I spent several weeks with my hands at the back of my daughter’s bike after the training wheels came off, feeling her wobble as I held on, trying to guide her, making sure she didn’t fall over. Sometimes it would work, and sometimes it wouldn’t. She’d be up—the bike would pull hard at my left or right side—then down she’d go. The wheels would move, but not quite fast enough for her to maintain her balance. I kept encouraging her to keep her legs moving—“Keep it going!” It was during these weeks that I taught my daughter Shachar, 6-years-old at the time, to ride a bike.

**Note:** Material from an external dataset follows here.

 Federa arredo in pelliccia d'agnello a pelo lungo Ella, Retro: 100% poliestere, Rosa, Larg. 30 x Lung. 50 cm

I found myself contemplating the bike riding lessons recently as my daughter finished high school and began to prepare for college. When I mentioned our lessons to Shachar (“Do you remember when I taught you to ride your bike?”) she remembered it as the time I taught her the word “momentum.” I had completely forgotten our battle cry. It had become a mantra for us: “Momentum! Momentum! Momentum!”
I remember standing at the corner of Shenandoah and Airdrome Streets, my hand on the back of her bike for just a moment. I was probably yelling “Momentum!” Maybe we both were. And then, magically, there was no more pressure at the back of the bike at all. The bike was gone. And there she was, riding down the block—a tiny tilt to the left, a tiny tilt to the right, and then upright again. Tilt, tilt, upright. Tilt, tilt, upright. It was beautiful. Safe and steady. Just the right amount of momentum.

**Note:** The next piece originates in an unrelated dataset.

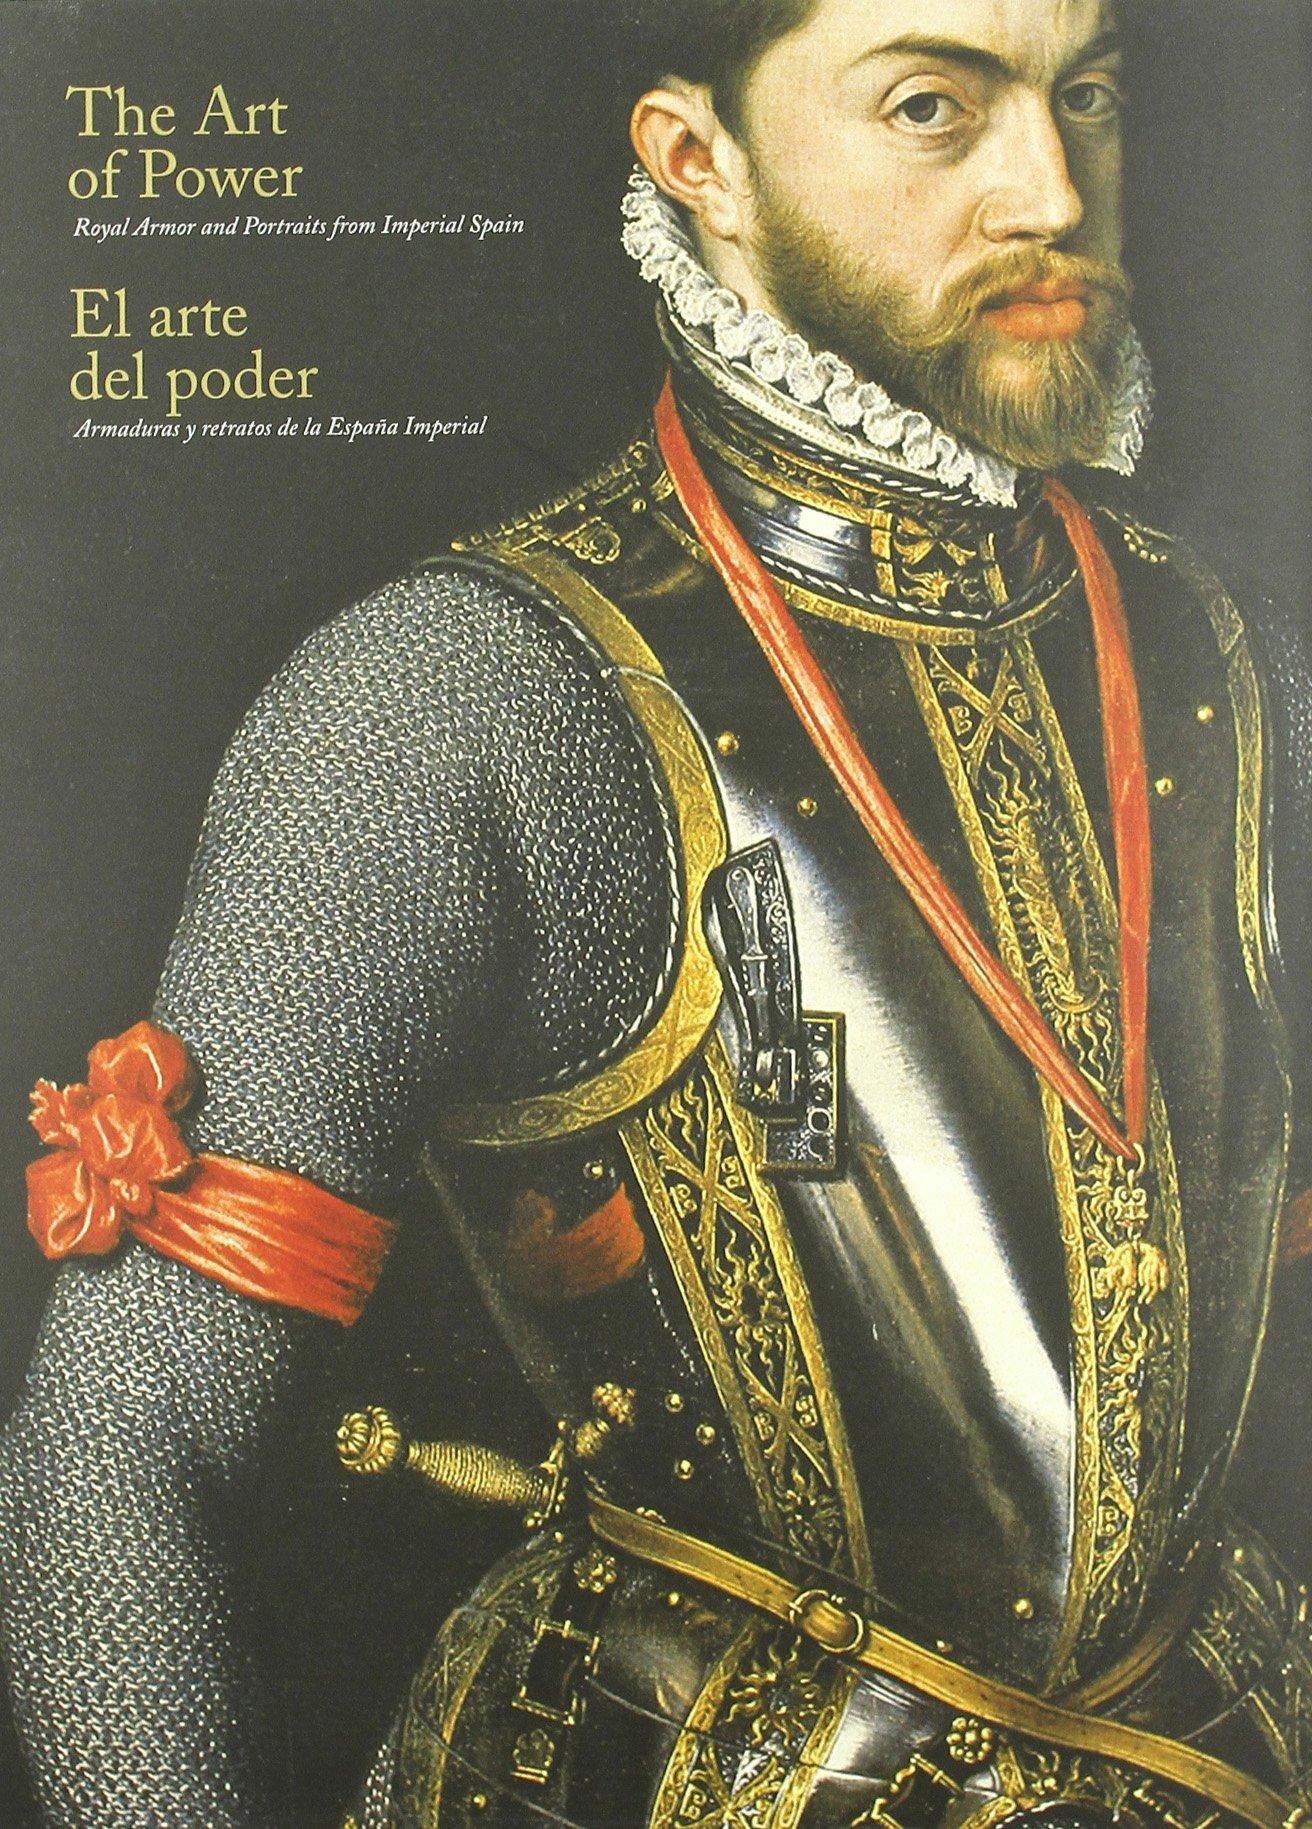 El arte del poder: armaduras y retratos de la España imperial ...

As she kept riding toward the end of the block, she got smaller and smaller, and I realized that I couldn’t catch up with her if I tried. I thought, “This is it. This is the way it goes. She learns something new, gets up, pumps and pedals, and eventually recedes into the distance. And this is the way it’s supposed to go. If all goes well, this will happen over and over again.”
Over the past several years I’ve stood on the corner and watched her learn to navigate the rough pavement of high school—particularly the dreaded junior year. I’ve witnessed her ride down the road of her first real relationship—and back up the path of friendship following the break-up. I’ve watched as she’s developed her own path of leadership, and I’ve marveled at her organizational direction—which far outstrips both mine and my husband’s.
Now, almost 12 years after her first bike ride, Shachar readies herself for her next journey, this time eastward for college. My hand is still gently at her back as the training wheels come off this time: Making final doctor’s appointments, helping her identify things a person needs to survive a real winter, acting as sounding board as she considers how to keep her balance while getting as much as she can from her college experience. I believe we’re both ready for me to let go again. She has places to go and things to do. There are still plenty of text messages, occasional phone calls, and perhaps some snail mail every once in a while between us. And I’m looking forward to creating my own momentum; I have been spinning my wheels just enough to keep my balance (most of the time) and I’m ready to build my own speed.
From the corner of Shenandoah and Airdrome Streets, I watch Shachar once more recede into the distance, thinking to myself with bittersweet triumph: “Momentum! Momentum! Momentum!” I take a moment to absorb some of that energy, and then I get back to work.